On September 14, 2022, the WCB provided a further decision letter to the worker dated September 9. In summary, the WCB acknowledged the worker had permanent restrictions for his left ankle injury, based on which he had received vocational rehabilitation, and determined that from a patho-anatomic perspective, he was still capable of working within NOC 2282. With respect to secondary psychological conditions, the WCB accepted that the worker had Somatic Symptom Disorder, which continued, and Adjustment Disorder, which had resolved. The WCB further determined that appropriate treatment had been provided and neither of these psychological conditions required restrictions, and that the worker had appropriately been deemed capable of working full-time at the current earning capacity in NOC 2282.

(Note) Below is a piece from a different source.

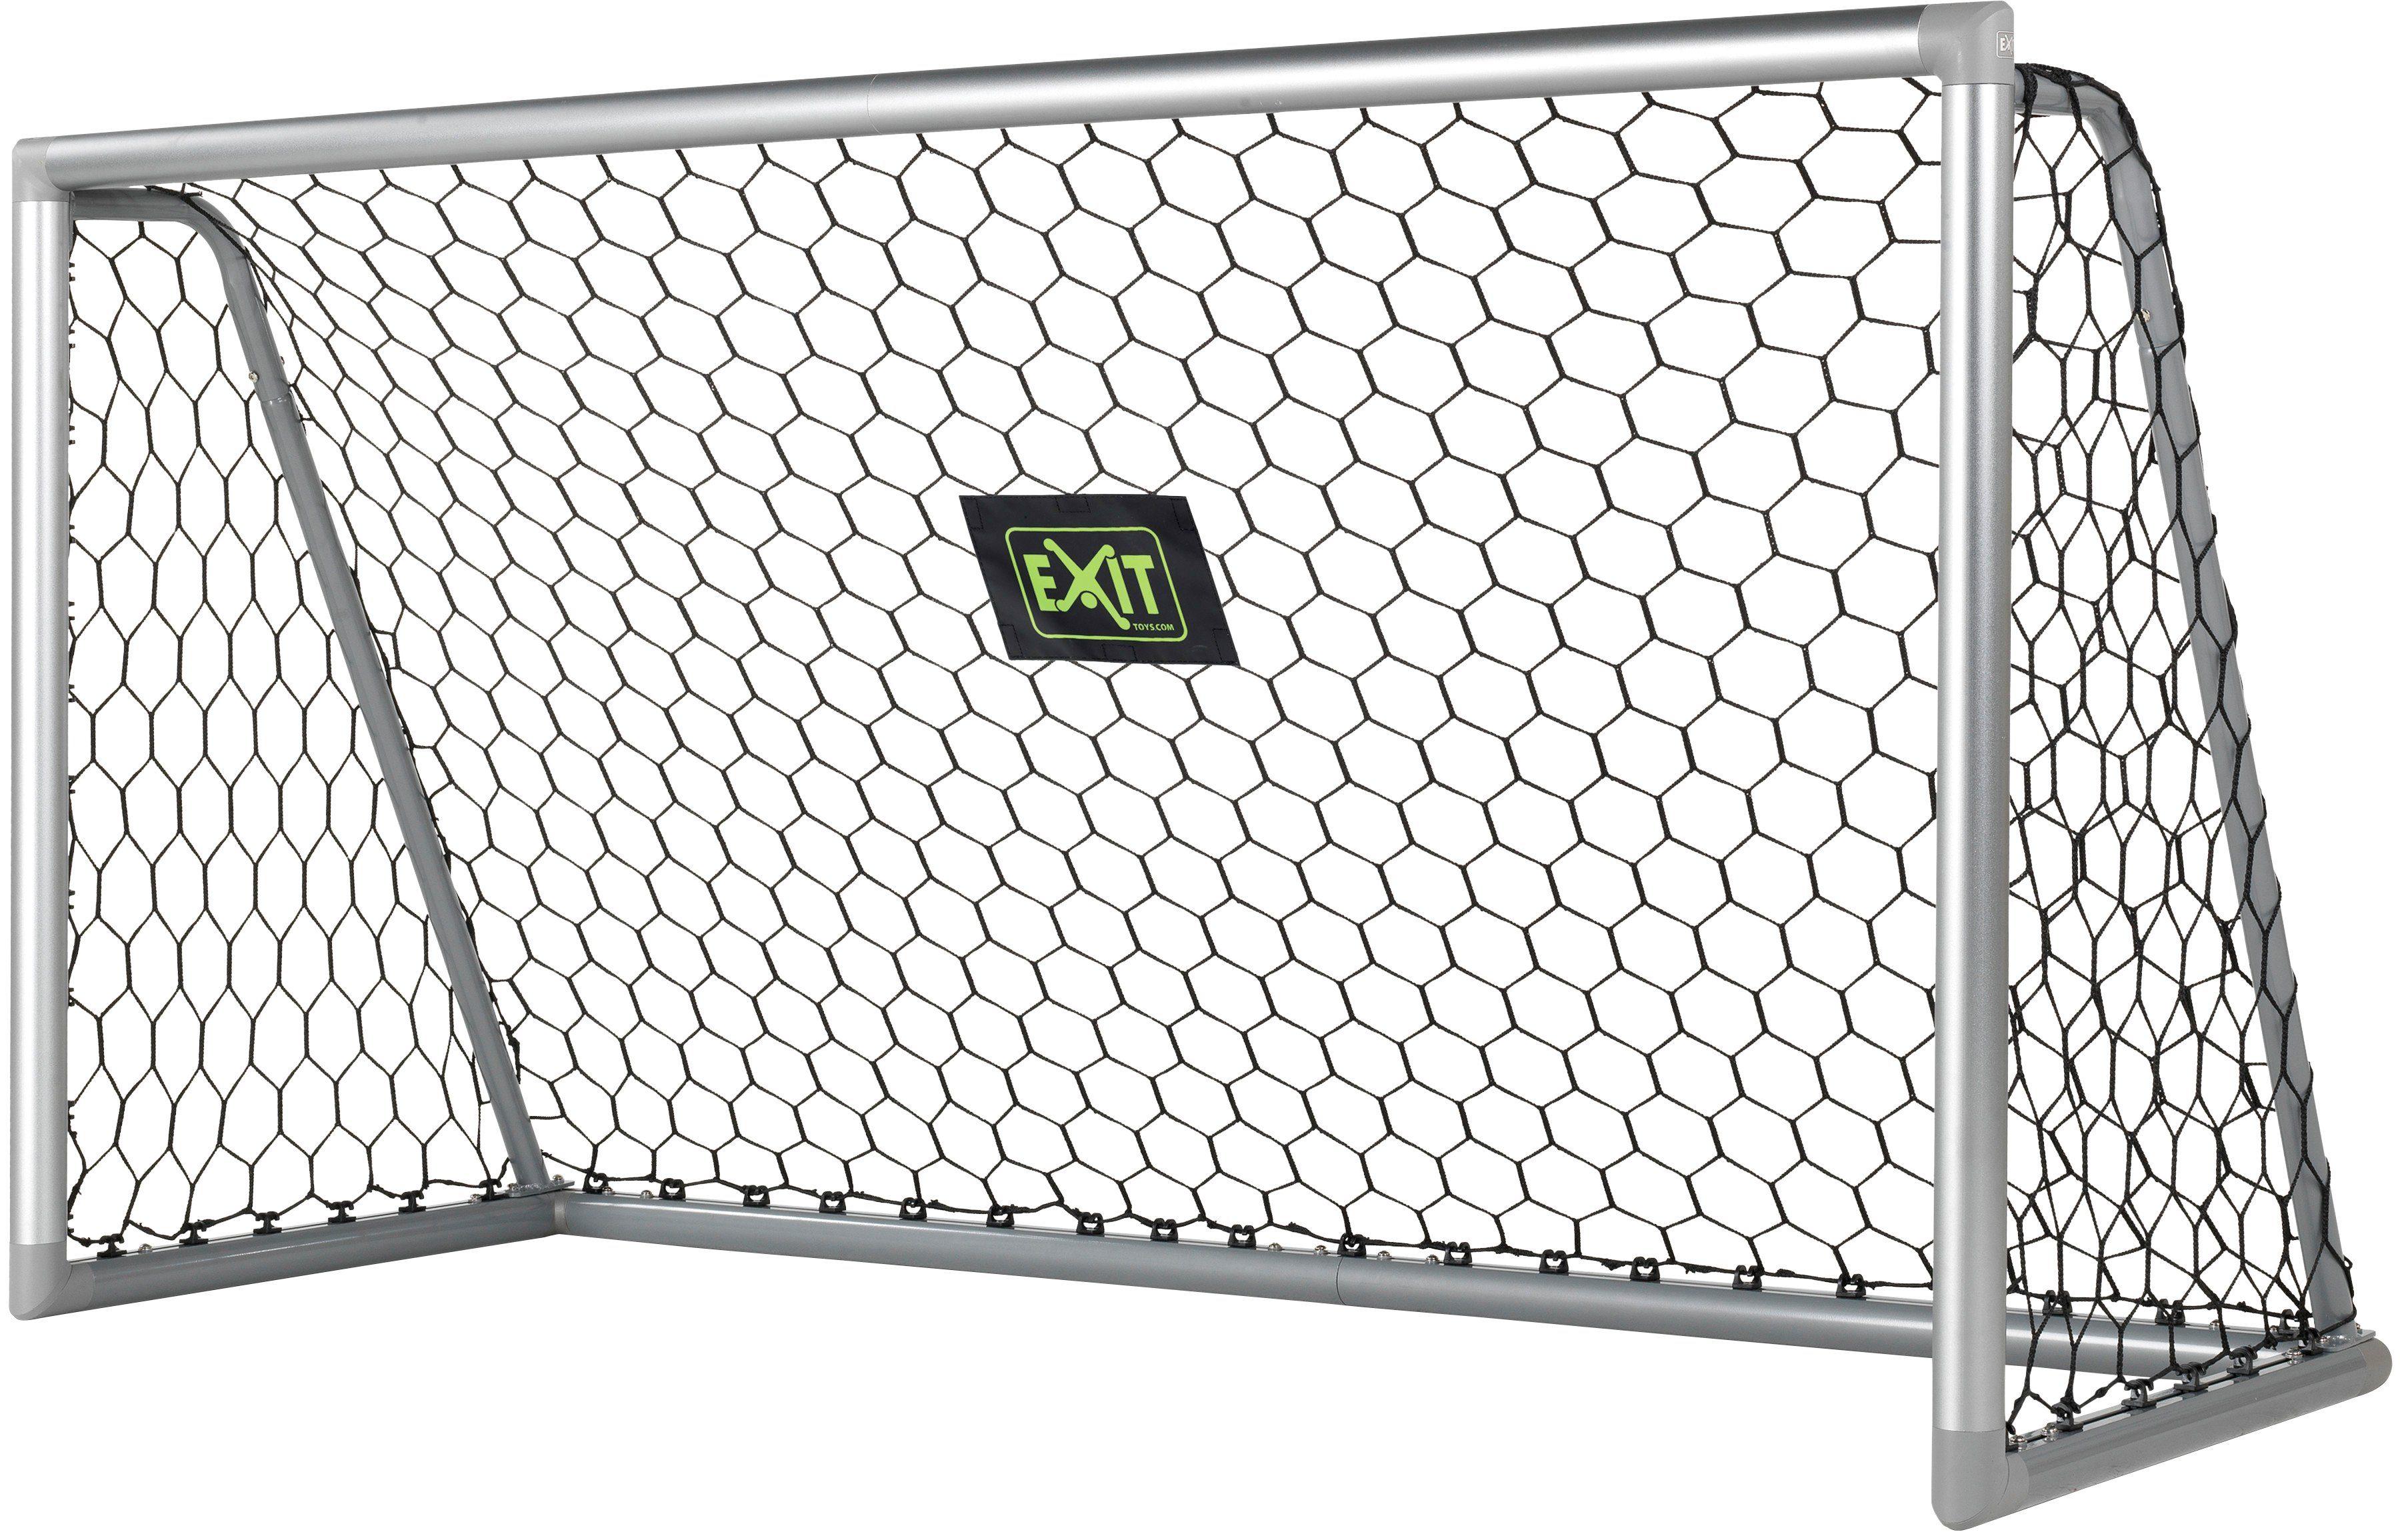 EXIT Fußballtor »Scala«, B/T/H: 220/80/120 cm, aus Aluminium

On October 14, 2022, the worker's representative requested that Review Office reconsider the WCB's decisions, including the decision that it was appropriate to deem the worker capable of working full time within NOC 2282. The representative submitted that the WCB's determination that the worker was capable of working full-time in NOC 2282 was not supportable or justified. The worker's representative also noted that further treatment, including a trial of medication and further therapy was recommended by the WCB psychiatric consultant, which had not been taken into account when determining the worker was capable of working full-time.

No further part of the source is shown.